Once Peter leaves her office, Adrienne pings Hattori over the Interface. She's got surveillance cam feed of the hit attempt (don't ask how), and she wants his opinion. Scrubbing through the VR holographic projection, his onboard systems note reaction times, accuracy, coordination--these guys were a heavily-linked cyber unit, basically almost one mind operating four bodies. That's very emphatically not Syndicate style--the family looks down on cybermods more invasive than a headjack as debasing. Good for the hired help, maybe (no offense, Hattori), but not for the family's elite. (This BTW is a bunch of bullshit I'm spinning purely on the basis of Adrienne not having any implants except a headjack.) Hattori calls up Pen Re and asks him who's moving that kind of heavy-duty illegal cybergear these days. I roll a 3, which nets me "Project Rejuvenation," an ecological activist group that monitors and protests corporate action. It's a stretch, but they sound like the kind of people who might be into a "one world consciousness" kind of ethos, and since the Metroplex is on the bleeding edge of cyberinnovation we'll say that Project Rejuvenation is a bunch of activist engineers, and they pioneered the idea of shared-consciousness implants. Pen seems nervous, distracted--he's sure as hell not going to admit he doctored these guys up, but he's got to reveal something as a contact, so he points Hattori at the green freaks and hopes it doesn't come back on him.

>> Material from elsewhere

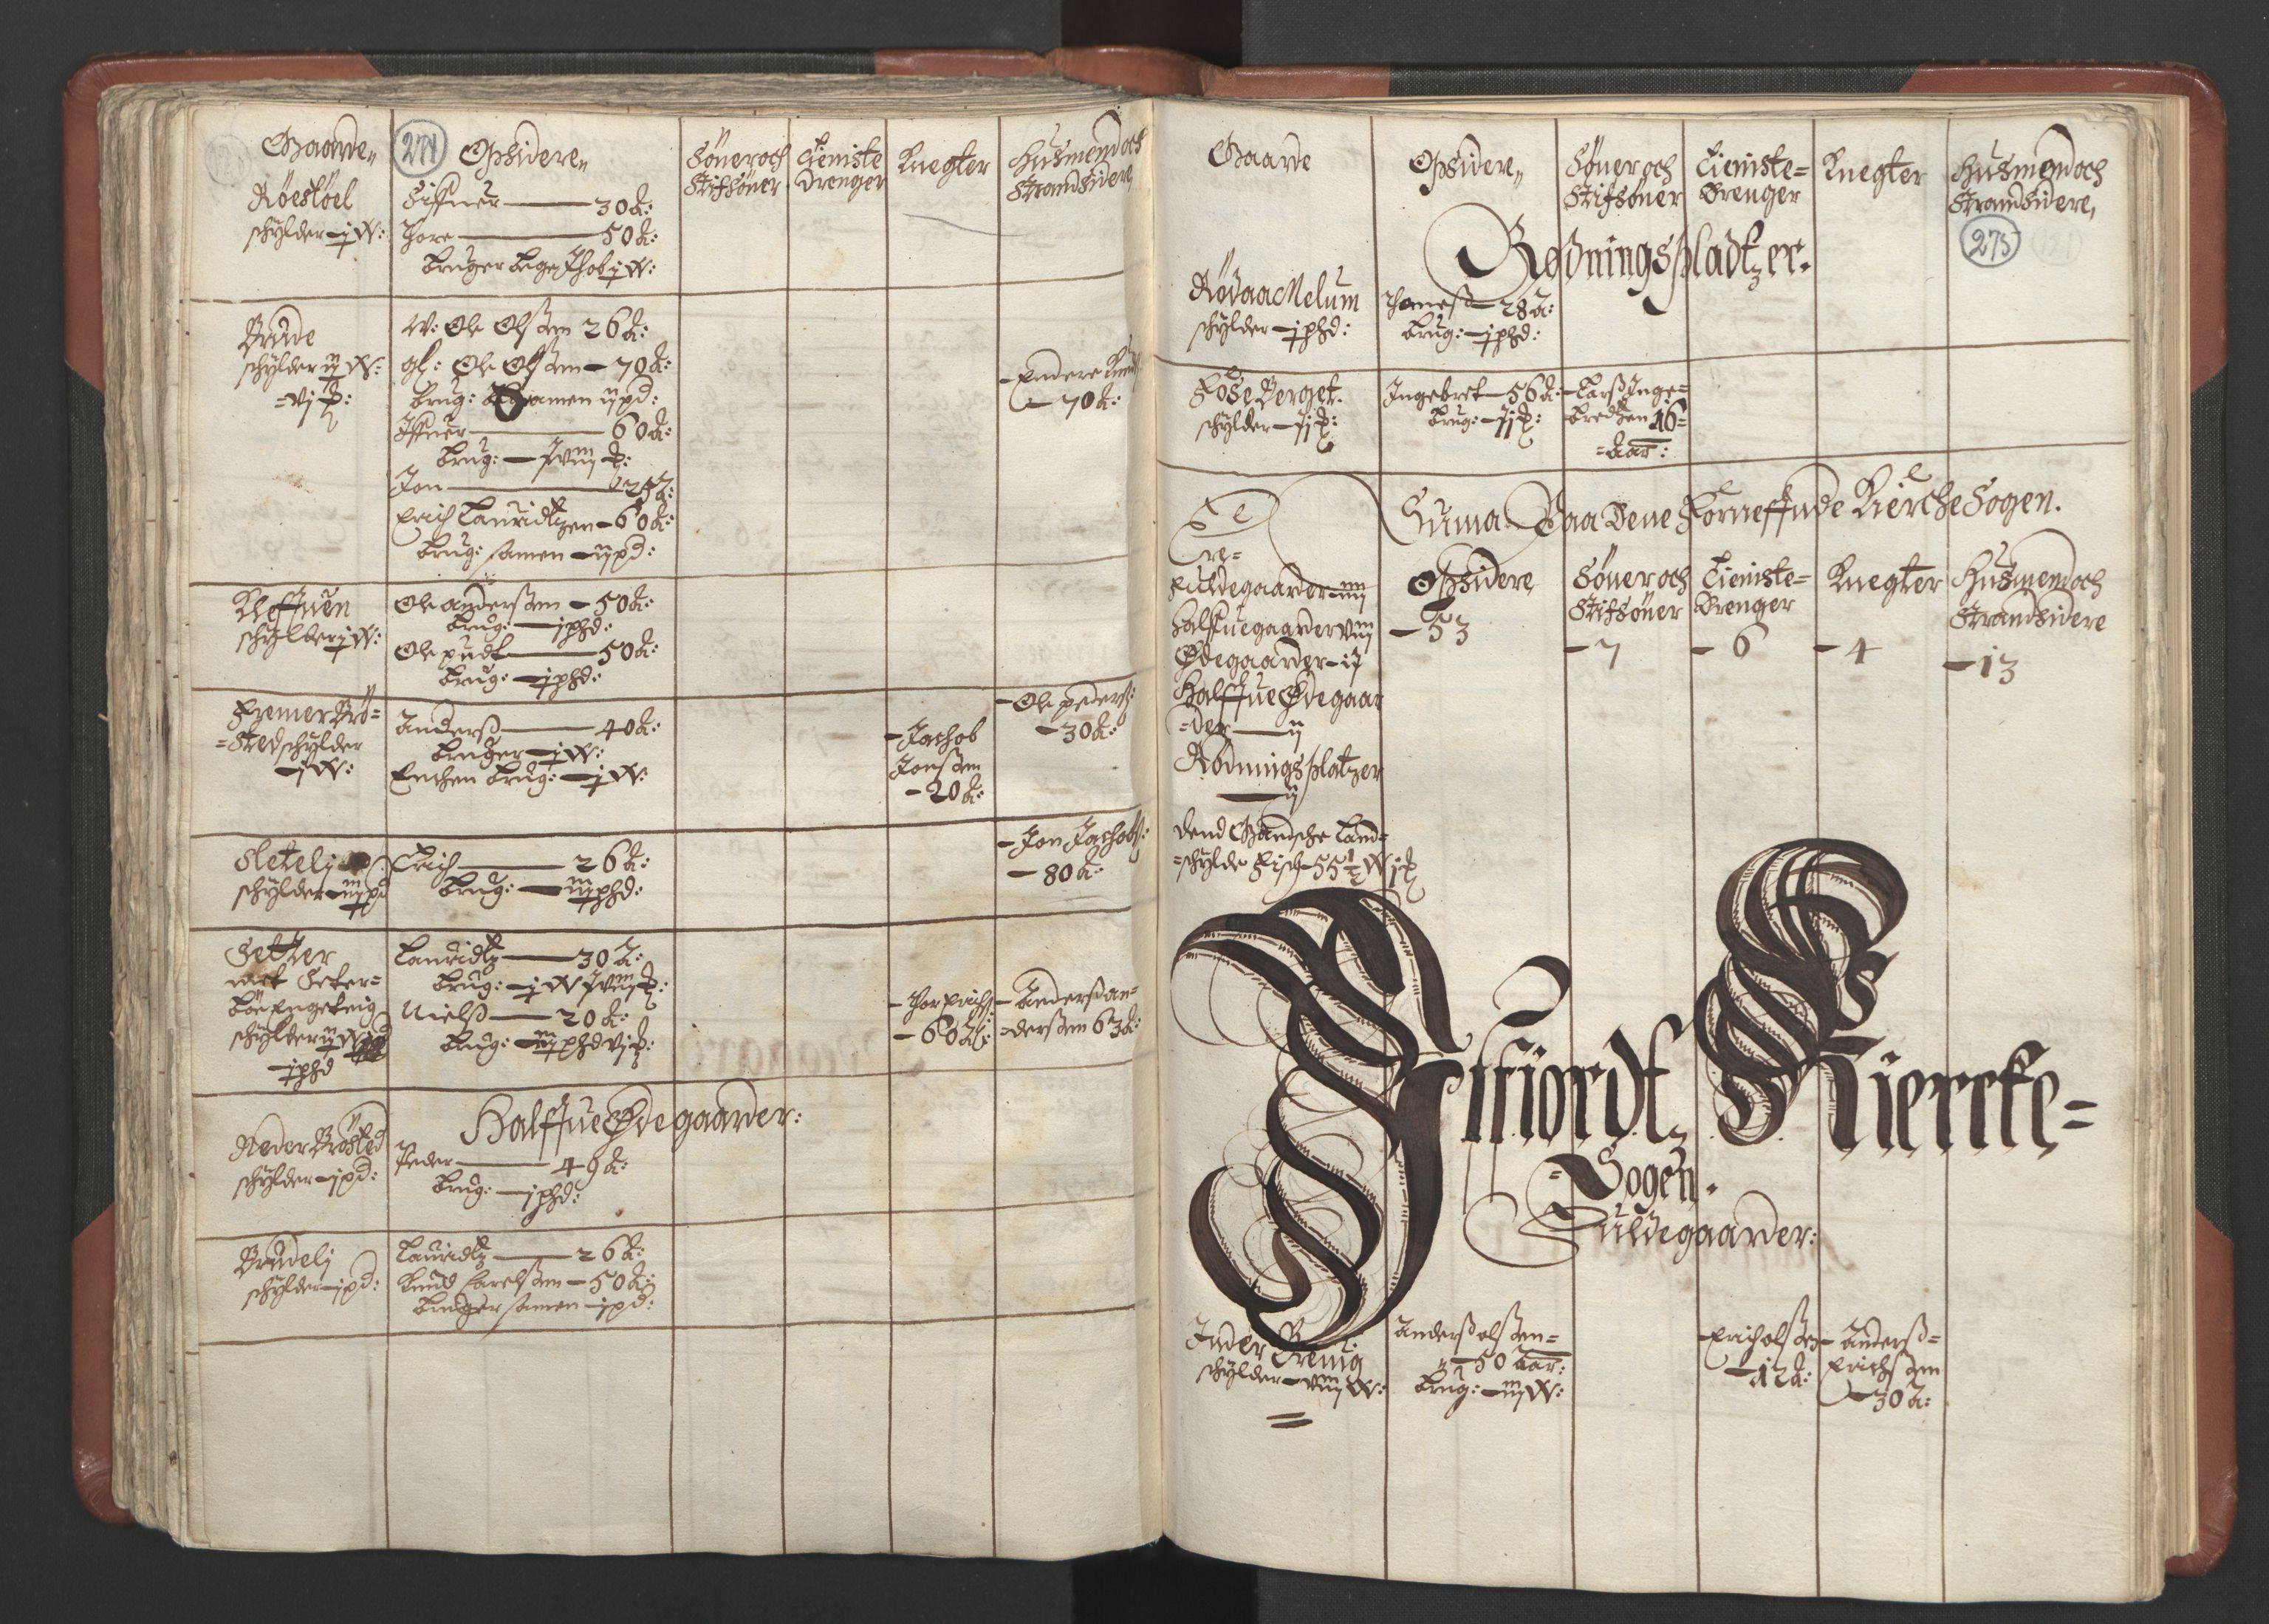 RA, Fogdenes og sorenskrivernes manntall 1664-1666, nr. 16: Romsdal fogderi og Sunnmøre fogderi, 1664-1665, s. 274-275

Meanwhile, Sophie's heard about what happened and, since she's dependent on Arma Winn, decides she can't risk losing her meal ticket. She doesn't really know anything about the mob or underworld turf wars, but she knows Dok Petrov dabbles in less than legal activities, so she calls him up on the Interface and asks if he knows who'd want to hit AllPawn with that kind of firepower. I roll a 1, which gives us January Jade. Normally I'd put her on the map and link her to Alma, but since she's already linked to the plot, we have instead stumbled across Dok Petrov's connection to January. We add him to the plot map and connect him to January. We'll say he's been selling her illegal cybertech to cover his crippling gambling debts. He's not about to admit what he knows, and he gives her the brush off. It's obvious he's hiding something, but just before he drops the call, he gets a page from his secretary informing him that "Ms. Jade is on the other line." Tres suspicious.

Anyway, after a few rounds of investigations, our plot map looks like this:



Probably needs a few more investigation scenes to really get a handle on what's going on and what's a red herring, but in the meantime we probably want to consider what our still-faceless antagonists are up to and have them take some action in response. But we'll cover that in the next chapter....


Pacing a plot map's development is key to keeping the game engaging. Typically you'll want to let the players add a few of their connections, plus maybe one node apiece on top of that, in the first session, then start forcing them into actions rather than investigations. Also, these plot maps are really geared toward roughly stand-alone novel sized plots--maybe three to four sessions worth of investigation. More than that and it starts to get too crowded. Usually if that happens, you've got two options: expand to a new Transmission, or pick three "loose end" nodes that didn't really get wrapped up during the story and link them together to create a new plot seed. You could also just update the Transmission, maybe inventing new connections, threats, and factions as old ones serve their purpose and die or change.

When you want to add a new Transmission to your story, the first thing you do is roll a single node from the new Transmission's master table and connect it to a node on your plot map. That'll yell you how the new city's involved. Now, since PCs from the Twin Cities probably don't know many lowlifes from the LA Sprawl, they're gonna need some introductions. That's where connections come in. Each connection knows one connection in the new city--when a PC asks for an introduction, you roll a die on the "Connections" column of the new Transmission's master table. The player adds the new connection to his sheet, and we add the connection to the map.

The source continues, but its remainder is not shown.